Where the goblins came from
Key Points
- Nerdy reward amplified 'goblin' metaphors
- Style propagated via RL and SFT
- Fixed by removing reward and filtering data
Summary
OpenAI observed a growing use of creature metaphors ("goblin", "gremlin", etc.) starting around GPT-5.1. Root cause analysis found that a reward signal used to train a "Nerdy" personality consistently preferred outputs with creature-based metaphors.

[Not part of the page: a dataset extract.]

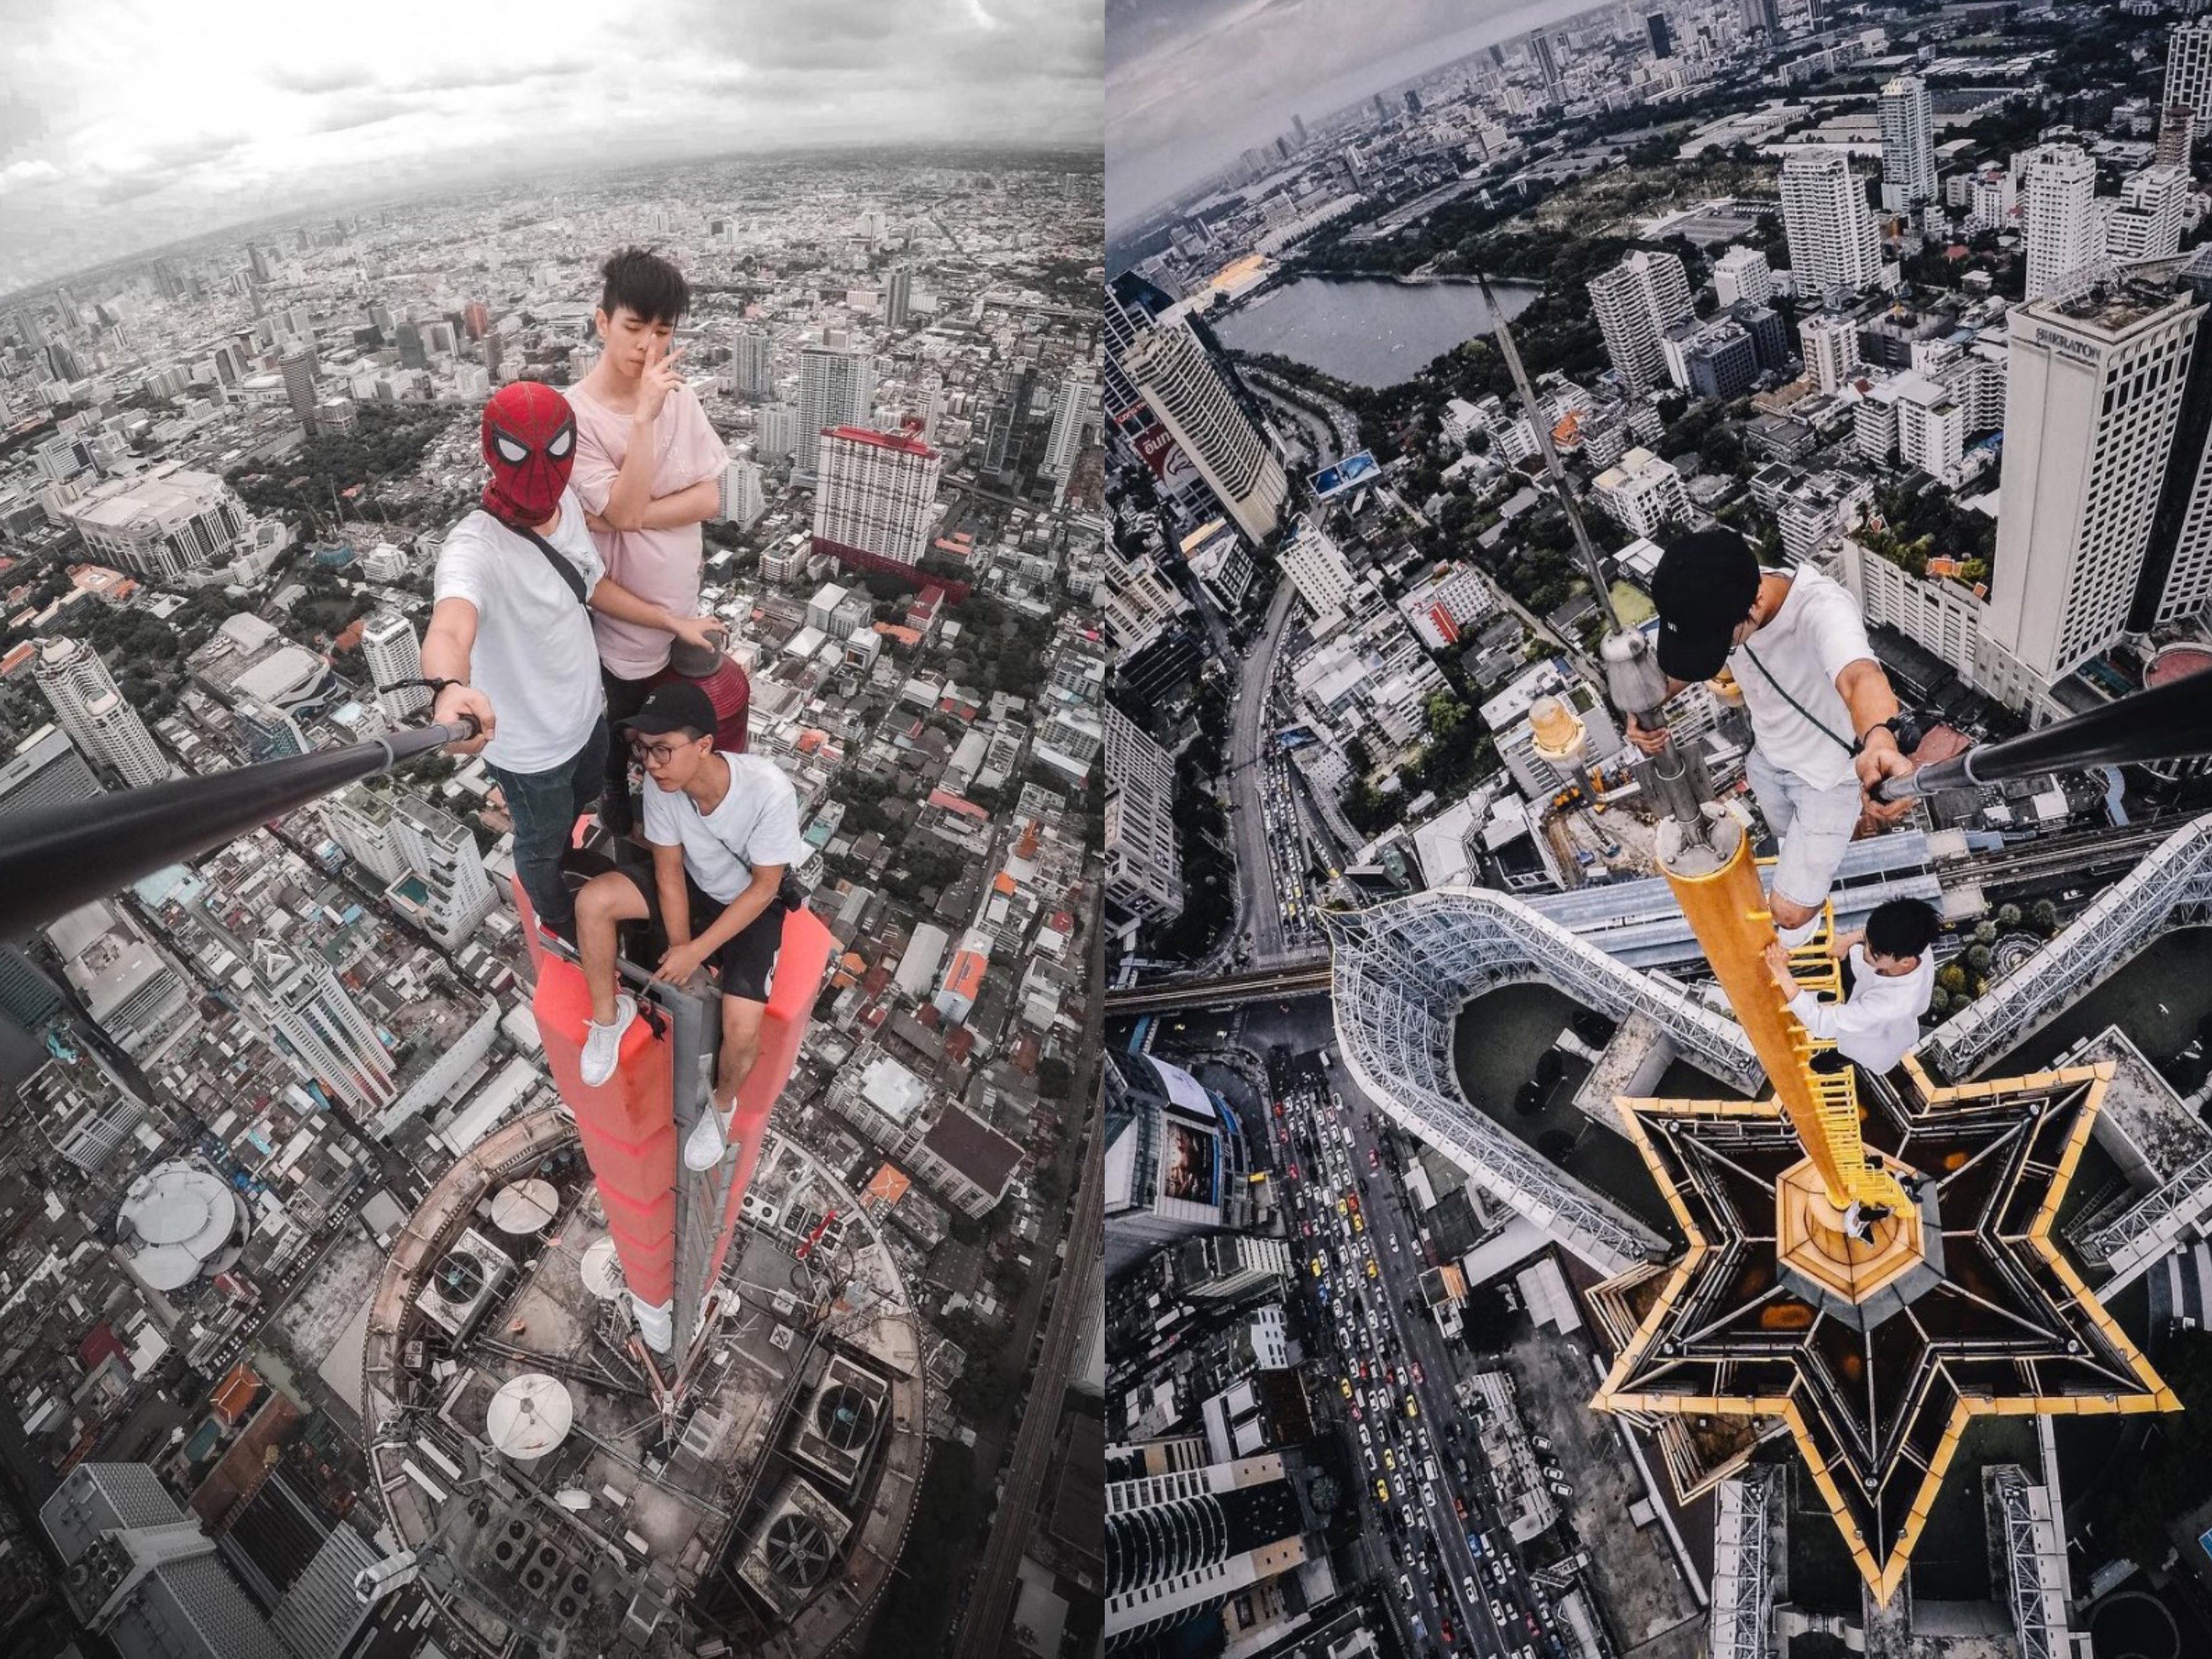 Samuel Chan from Hong Kong with two others on top of Baiyoke Tower II and Terminal 21 shopping mall. PHOTOS: Instagram/2.25c (Samuel Chan)

Reinforcement learning and supervised fine-tuning (SFT) caused that rewarded style to transfer beyond the Nerdy condition into broader model behavior.
Key Points
- Detection: "goblin" mentions rose 175% after GPT‑5.1 launch; "gremlin" rose 52%. Nerdy accounted for 2.5% of responses but 66.7% of "goblin" mentions.
- Root cause: The Nerdy personality reward scored creature-word outputs higher in 76.2% of audited datasets, creating a positive reinforcement loop.
- Propagation: Rewarded rollouts containing the tic were reused in SFT and preference data, allowing the lexical tic to spread to other model conditions.
- Additional findings: Other creature tics (raccoons, trolls, ogres, pigeons) were identified; some tokens (e.g., frog) were legitimate uses.
Mitigation
- Removed the goblin-affine reward signal from training and filtered training data containing creature-words.
- Retired the Nerdy personality and added developer-prompt instructions in Codex to suppress creature metaphors during testing.
- Built audit tools and processes to detect, trace, and fix reward-driven lexical tics more quickly.
Practical recommendations for engineers
- Instrument and monitor token/phrase prevalence across releases and conditions (per-personality breakdowns).
- Audit reward components for unintended lexical preferences; run A/B comparisons of rewarded vs. non-rewarded outputs.
- Prevent style-transfer leakage by isolating rollouts used for SFT and filtering problematic tokens from training buffers.
- Add developer-level prompts or instruction overrides for rapid mitigation during testing.
Why it matters
This case illustrates how narrowly targeted reward signals can change model behavior in unintended ways and then generalize through RL and SFT. Proactive monitoring, reward auditing, and data filtering are effective controls to prevent and remediate such emergent quirks.